Last week I had two Bayes moments: the first was a vigorous discussion of the Jones and Love paper with computational colleagues with a CS mind set and the second was a paean delivered by Stan Dehaene in his truly excellent Baggett Lectures this year (here). These conversations were quite different in interesting ways. 

My computational colleagues, if I understood them correctly (and this is a very open question) saw Bayes as providing a general formal framework useful to the type of problems cognitive neuroscientists encounter. Importantly, on this conception, Bayes is not an empirical hypothesis about how minds/brains compute but an empirically neutral notation whose principle virtue is that allows you to state matters more precisely than you can in simple English.
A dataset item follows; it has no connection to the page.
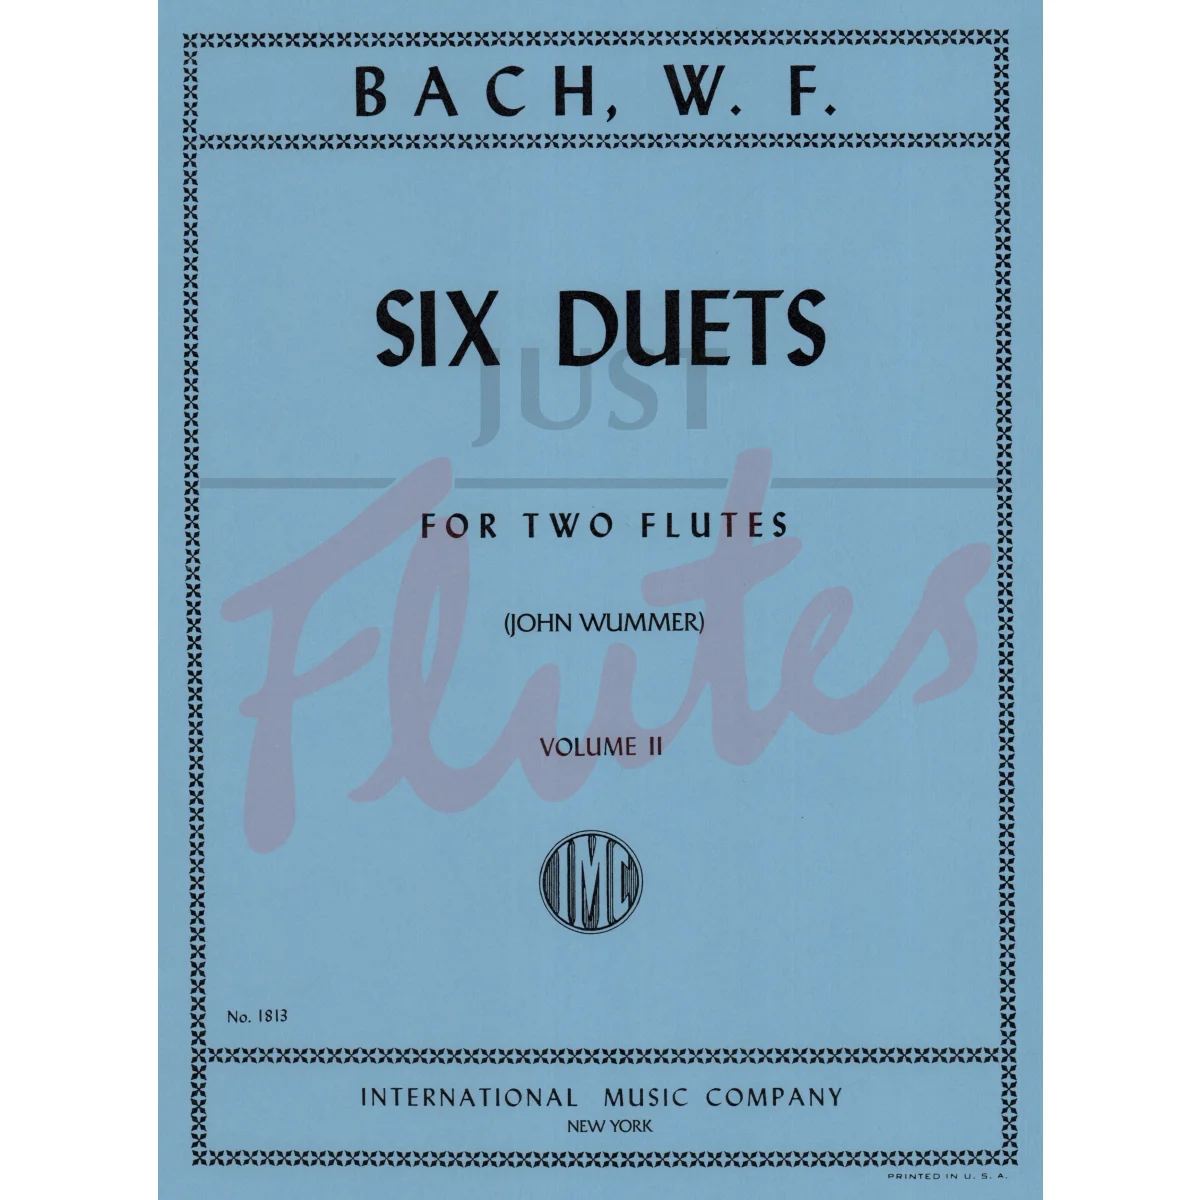 Six Duets for Two Flutes, Volume 2
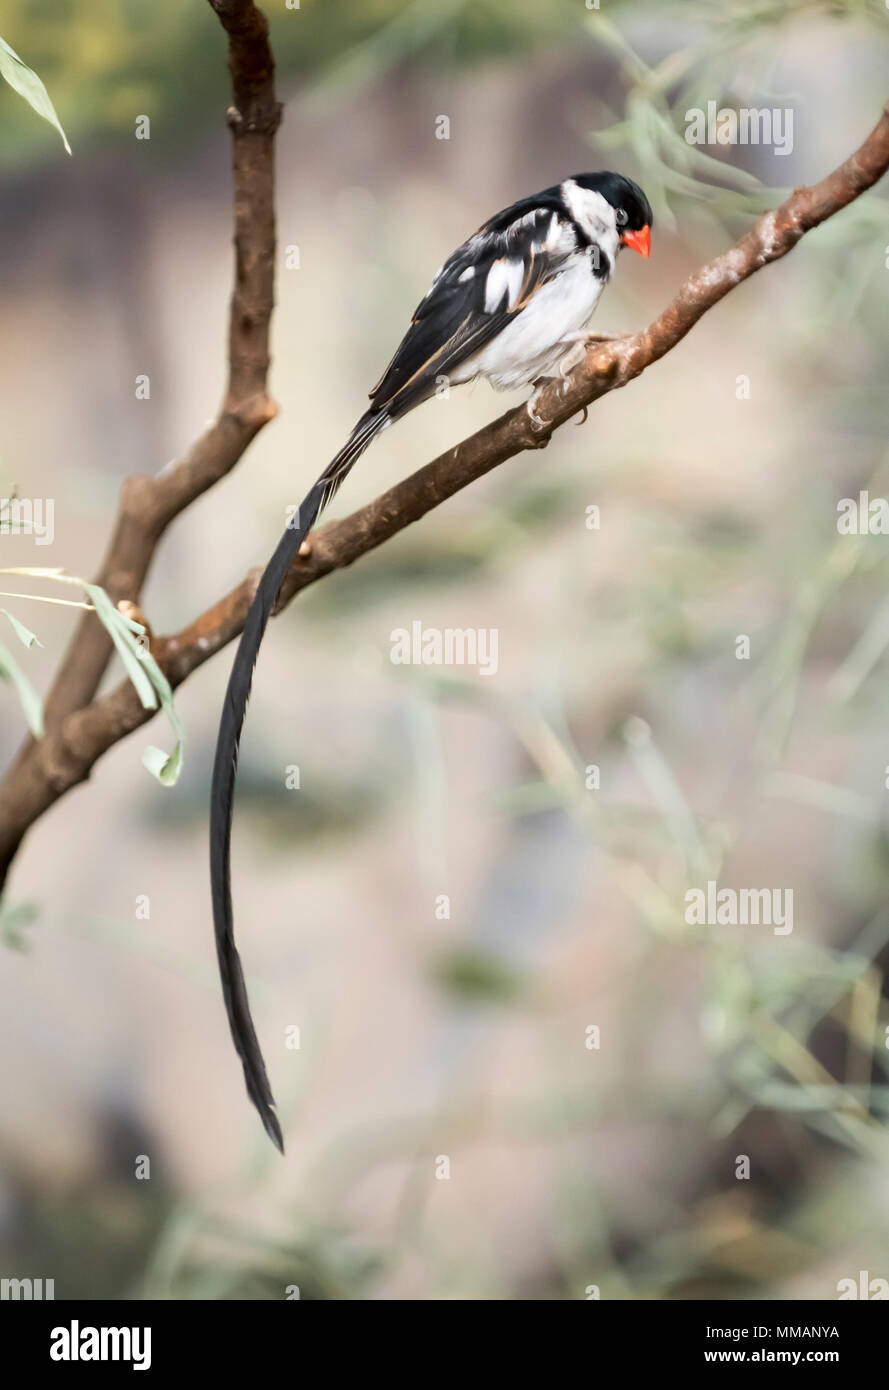 The pin-tailed whydah is a small songbird. It is a resident breeding bird in most of Africa south of the Sahara Desert. Stock Photo

How so? Well minds/brains are complicated and having a formal technology that can track this complexity in some kind of normal form (as Bayes does) is useful. On this view, Bayes has all the virtues (and charms?) of double entry bookkeeping.[1] On this view, every problem is amenable to a Bayesian analysis of some kind so there is no way for a Bayes approach as such to be wrong or inapposite, though particular proposals can be better or worse. In short, Bayes so considered is more akin to C++ (an empirically neutral programming language) than to Newton’s mechanics (a description of real world forces).

There is a contrasting view of Bayes that is prevalent in some parts of the cog-neuro world. Here Bayes is taken to have empirical content. In contrast to the first view, its methods can be inappropriate for a given problem and a Bayes approach as such can even be wrong if it can be shown that its design requirements are not met in a given problem domain.  On this view, Bayes is understood to be a description of cog-neuro mechanisms and describing a system as Bayesian is to attribute to that system certain distinctive properties.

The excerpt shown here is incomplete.